This is a brand new pump and megger tests fine.
The current flows around the loop between the pump and the casing via the earth wire. If the earth from the switchboard is removed, the current still flows. It is not coming from the switchboard earth.

It appears to be an induced current rather than a leakage current.
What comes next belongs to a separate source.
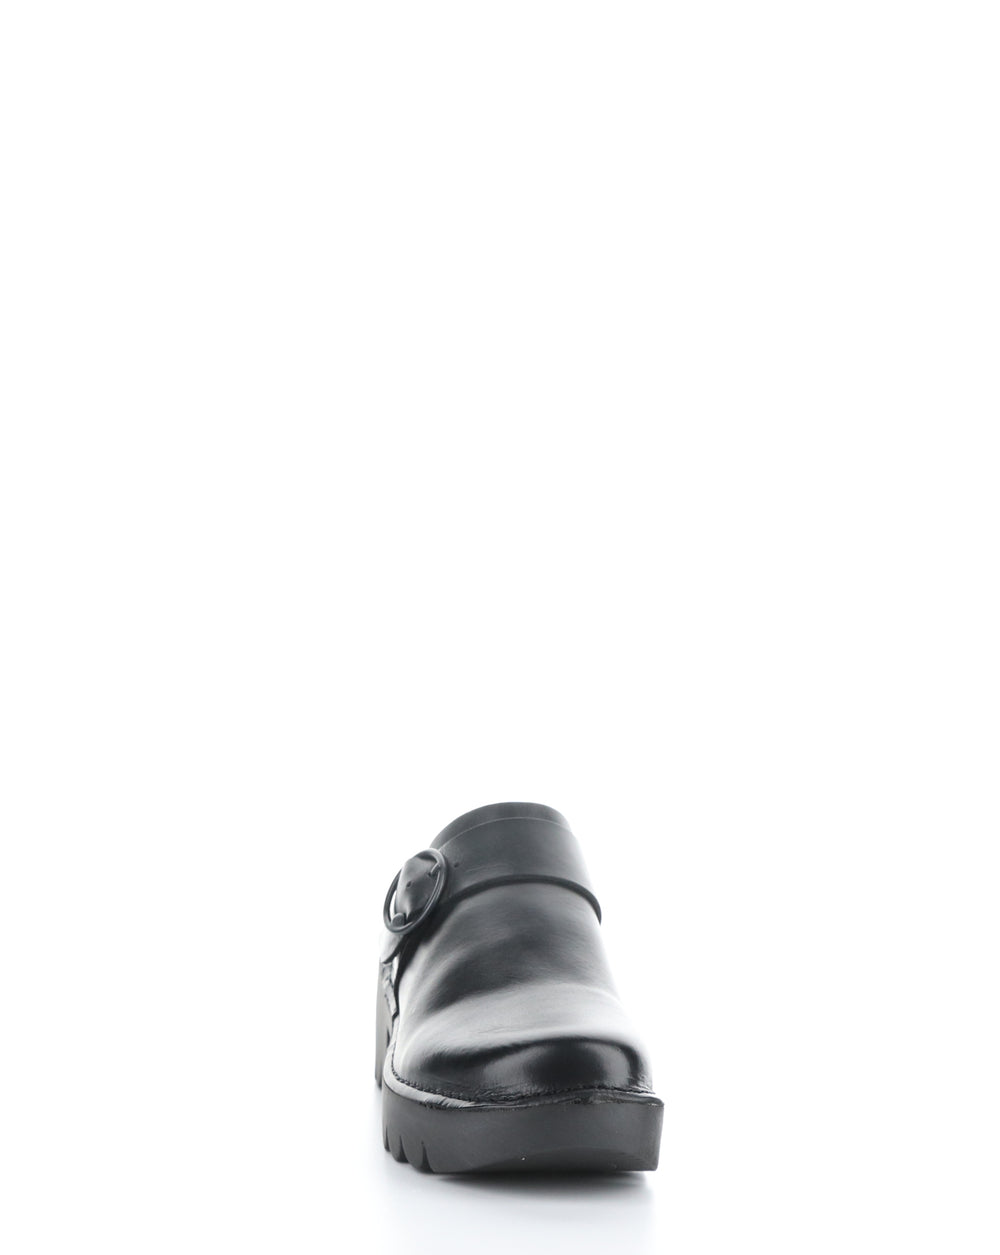 ENDA510FLY 005 BLACK Slip-on Shoes

I had three phone calls in the same week about similar problems, I have not found this before, but in one case, the earthwire is nearly burning off the crimp lug.

Best regards,

Mark Empson
L M Photonics Ltd

 

[7anoter4]

The emf induced from one wire to another parallel wire is equal to: Eig=j*Ii*Xig
Where Xig=k*ln(disti_g/re) disti_g =distance from center line of the two wires and re it is
the equivalent stranded wire radius =radius*.7788.For SI u/m k=4*pi()*frq/10^7 H/m = 6.28E-05.
Let us say conductor A is a diameter opposite to G and B and C are as close as possible to G.
The maximum distance between two conductors within a pipe of 10" could be 220 mm if the cables are of 240 sqr.mm cross section , 20.6 mm dia copper and 30 mm overall dia of cable.
The maximum Xig=k*ln(220/8.02) *length[m].If the length could be 185 m Xigmax= 0.038598 ohm.Xigmin=k*ln(30/8.02)*185= 0.015333 ohm.
If we shall take pf=0.8 and eff.=0.9 the rated current will be 642.4 A.
Then IARE=513.9 A and IAIM=385.4 A ; IBRE= 76.8 A and IBIM= -637.7A;ICRE= -590.7A ICIM=252.3A.Calculated Ere=-IAIM*Xigmax-(IBIM+ICIM)*Xigmin=-8.97 V; Eim=IARE*Xigmax+(IBRE+ICRE)*Xigmin= 11.96 V Etot=sqrt(Ere^2+Eim^2)= 14.94 V.
Could be?

 

[waross]

Hi Pete;
A suggestion. The cable is probably a twisted four, "A", "B", "C", and Ground. The ground will be nested between "A" and "C" and spaced from "B". The currents in "A" and "C" should equal the current in "B". Try your calcs with "B" phase current, but "A" and "C" phase spacing to the ground. I would use 300 Amps as a representative current.
Not exact but this should get us in the ball park to see if induction is reasonable.

Bill
--------------------
"Why not the best?"
Jimmy Carter

 

[electricpete]

My thought is that if it’s triplexed twisted cable, the transposition in cable should make induced voltages negligible.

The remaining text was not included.